Al recordar a Su Menglan bailando en el bar, a Zhang Xiaofan se le secó la garganta.
Era explosivo, candente.
Estaba a la par de Ye Tongtong, quizá incluso un poquito mejor.
Parecía que era una dama por fuera, pero una chica salvaje de corazón.
—El doctor Zhang es muy amable, solo es que lo disfruto.
Naturalmente, Su Menglan se sintió complacida de que Zhang Xiaofan la elogiara.
—Señorita Su, olvidé hacerle una pregunta en el bar.
—Mencionó que sus padres estaban relacionados con el Palacio Qimen, ¿sabe mucho sobre él?
Preguntó Zhang Xiaofan.
—El Palacio Qimen es el enemigo de mi familia Su, nadie en la Ciudad Qingyun lo conoce mejor que nosotros.
Al hablar del Palacio Qimen, Su Menglan agarró el volante con fuerza y un destello de ira cruzó su delicado rostro.
Durante el trayecto, Zhang Xiaofan hizo muchas preguntas sobre el Palacio Qimen.
Su Menglan compartió todo lo que sabía.
—Doctor Zhang, nos vemos de nuevo mañana a mediodía en la conferencia.
Tras despedirse de Zhang Xiaofan con la mano, Su Menglan se marchó en el coche.
Observó cómo las luces traseras desaparecían en la distancia.
Zhang Xiaofan estaba asombrado por dentro, sospechando que Su Menglan podría ser una cultivadora.
¿Por qué solo «podría»?
Parecía que había Yuan Qi dentro de Su Menglan, pero al mismo tiempo no.
Y esa sensación fue fugaz.
Aunque no estaba seguro, Zhang Xiaofan tampoco lo descartó y decidió confiar en su intuición.
De hecho, la intuición de Zhang Xiaofan no se equivocaba; Su Menglan era, en efecto, una cultivadora.

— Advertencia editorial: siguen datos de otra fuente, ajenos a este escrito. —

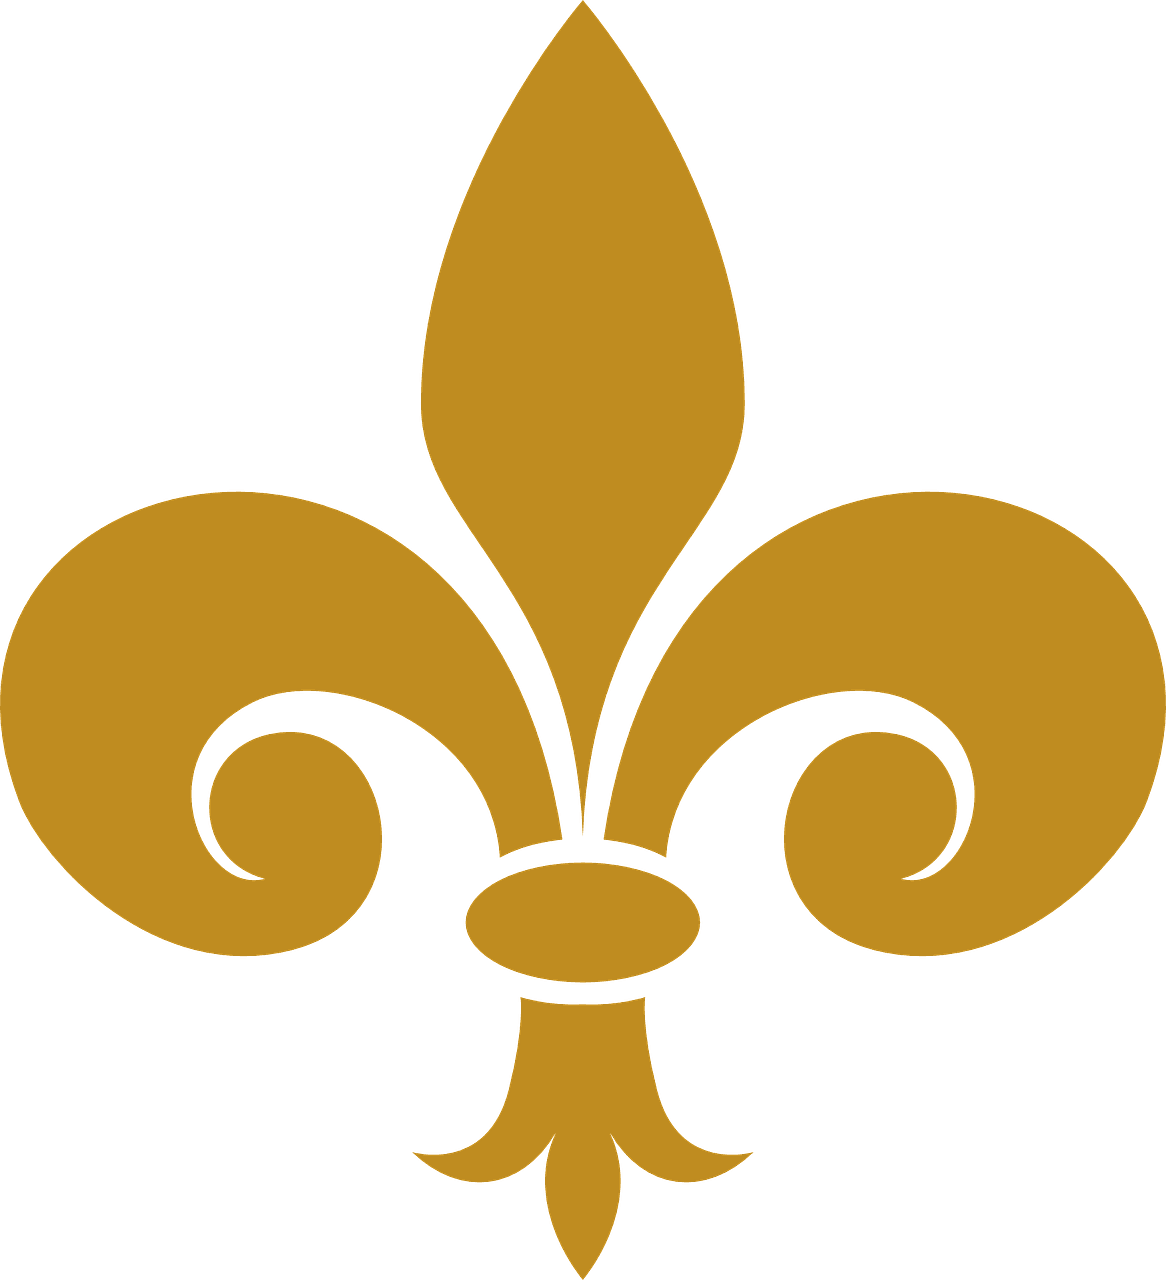 what is the fleur de lis symbol and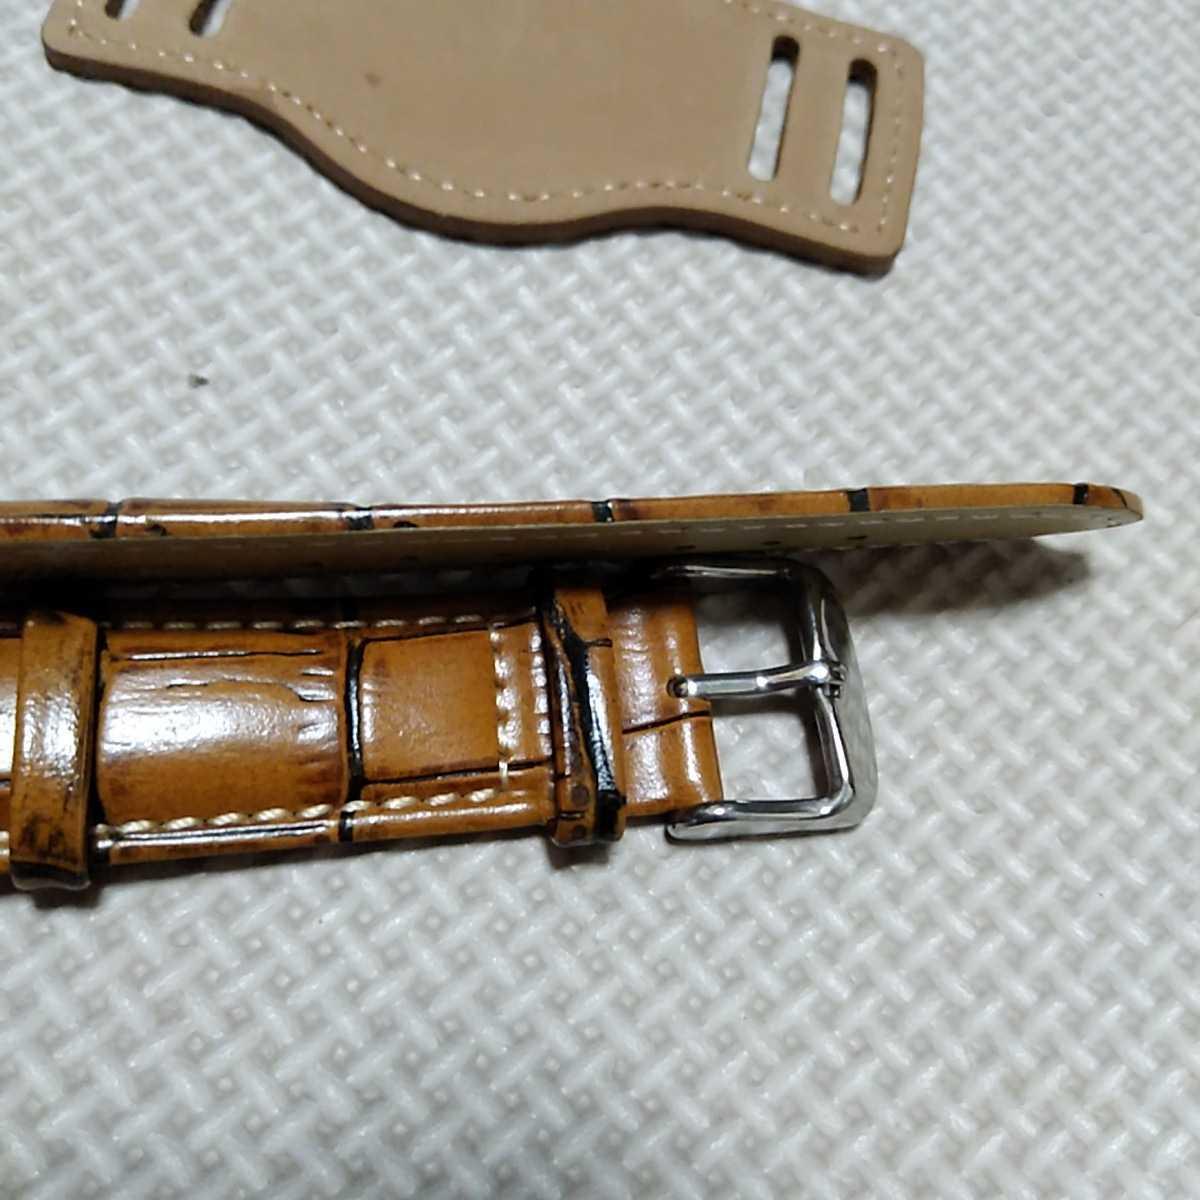 No55 ブンド BUND 本革レザーベルト 腕時計ベルト 交換用ストラップ ブラウン クロコ型押し 20mm 未使用 高品質 ドイツパイロット 空軍_画像8

Pero una de nivel básico, sin Yuan Qi formado aún en su interior.
Solo una pizca de Qi.
Por eso Zhang Xiaofan solo sintió la presencia del Yuan Qi por un instante.
Aunque los cultivadores eran increíblemente raros, en el momento en que pensó que Su Menglan era la nieta predilecta del cabeza de la familia Su, Zhang Xiaofan sintió que tenía sentido.
Zhang Xiaofan regresó a la villa.
Zhou Zimei aún no se había dormido, pero su hijo Kang Kang ya estaba dormido.
Zhou Zimei no preguntó dónde había estado Zhang Xiaofan hasta tan tarde, porque sabía que no era quién para preguntar.
Solo sabía que Zhang Xiaofan debía de haber ido a encargarse de algo muy importante.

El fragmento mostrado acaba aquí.